The question that you’re asking is, “why put out technology that makes mistakes?” Well, it’s collaborative and part of collaboration is making mistakes. You want to be bold here, but you also have to balance it with responsibility.
TG: I imagine the goal is that someday, there won’t be a difference between Bard and Google Search, it will just be Google and you’ll get whatever is most useful at the moment. How far away is that?

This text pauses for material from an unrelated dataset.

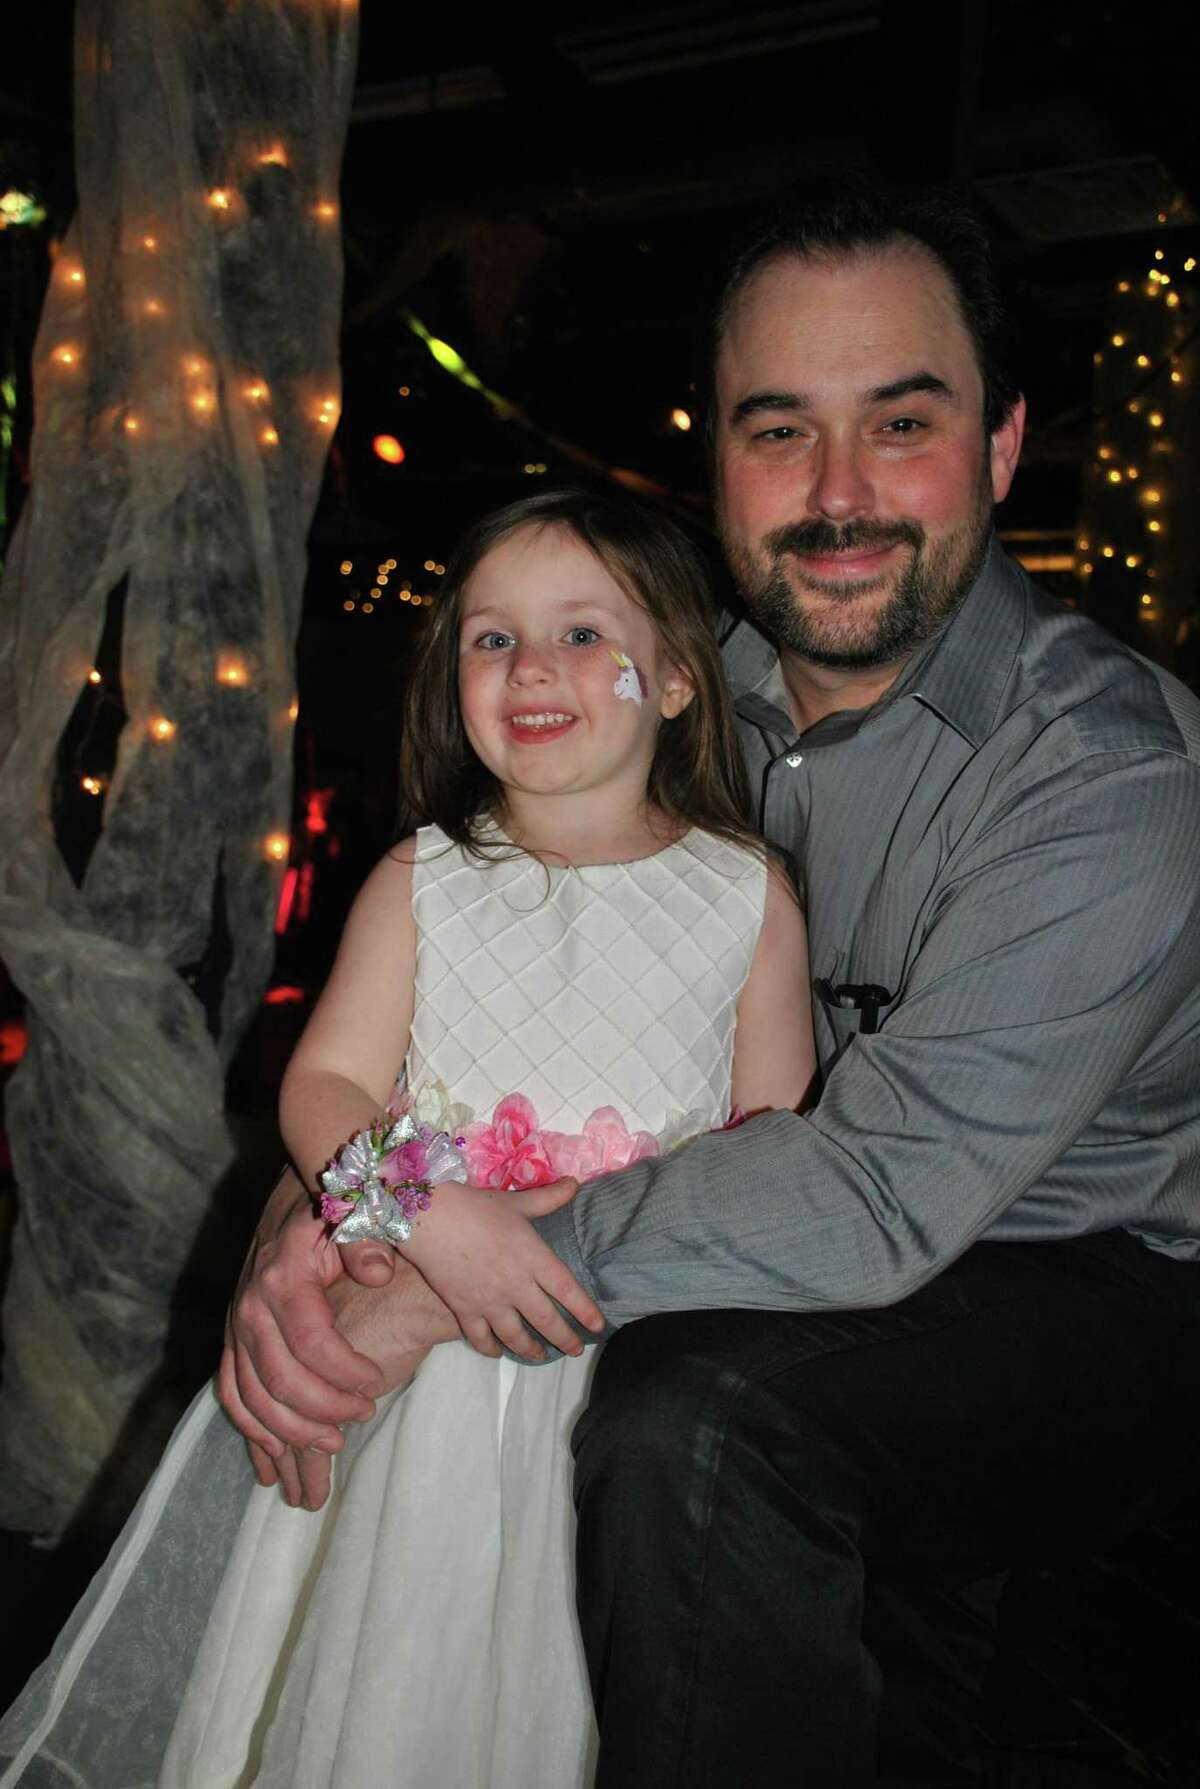 Epoch Arts is holding its annual father-daughter dance April 13, 2019.

JK: Well, an interesting analogy is the tool belt versus the tools. You’ve got a hammer and screwdriver, but then there’s the belt itself. Is that also a tool? That’s probably a semantic debate. But right now, most of our technology works something like, well I go I go to this site to get this job done. I go to that site to get that other job done. We’ve got all individual tools, and I think they will be supercharged by generative AI. You’re still using the different tools, but now they’re working together. That’s kind of how we see having a standalone generative experience, and I think we’re taking the first step towards that today.
TG: This probably isn’t what you’re planning on talking about today. But I want to ask you about sentience. What do you think it is? Is that even an important question for us to be asking people like you right now?
JK: I think the fact that people are asking it means that it’s an important question. Is what we’re building today sentient? Categorically, I would say the answer is no. But there’s a discussion to be had about whether it has the opportunity to be sentient. With sentience, I think in many forms it centers around comparison. I have not seen any signals that suggest that computers can have compassion. And pulling from Buddhist principles here, in order to have compassion, you need to have suffering.
TG: So you haven’t given bard any pain sensors yet?
JK: [Laughing] No.
TG: Can you share anything about Google’s plans to integrate Bard with Android?
JK: For the time being, Bard remains a standalone web app at bard.google.com. And the reason that we’re keeping it there is it’s still an experiment. For an experiment to be useful, you want to minimize the variables that you put into it. At this phase, our first hypothesis is a language model connected with your personal life is going to be extremely helpful. The second hypothesis is a language model that’s willing to admit when it’s made a mistake and how confident it is in its own responses is going to build a deeper truth about the ways people can engage with this idea. Those are the two hypotheses that we’re testing. There are plenty more that we want to test. But for now, we’re trying to minimize the variables.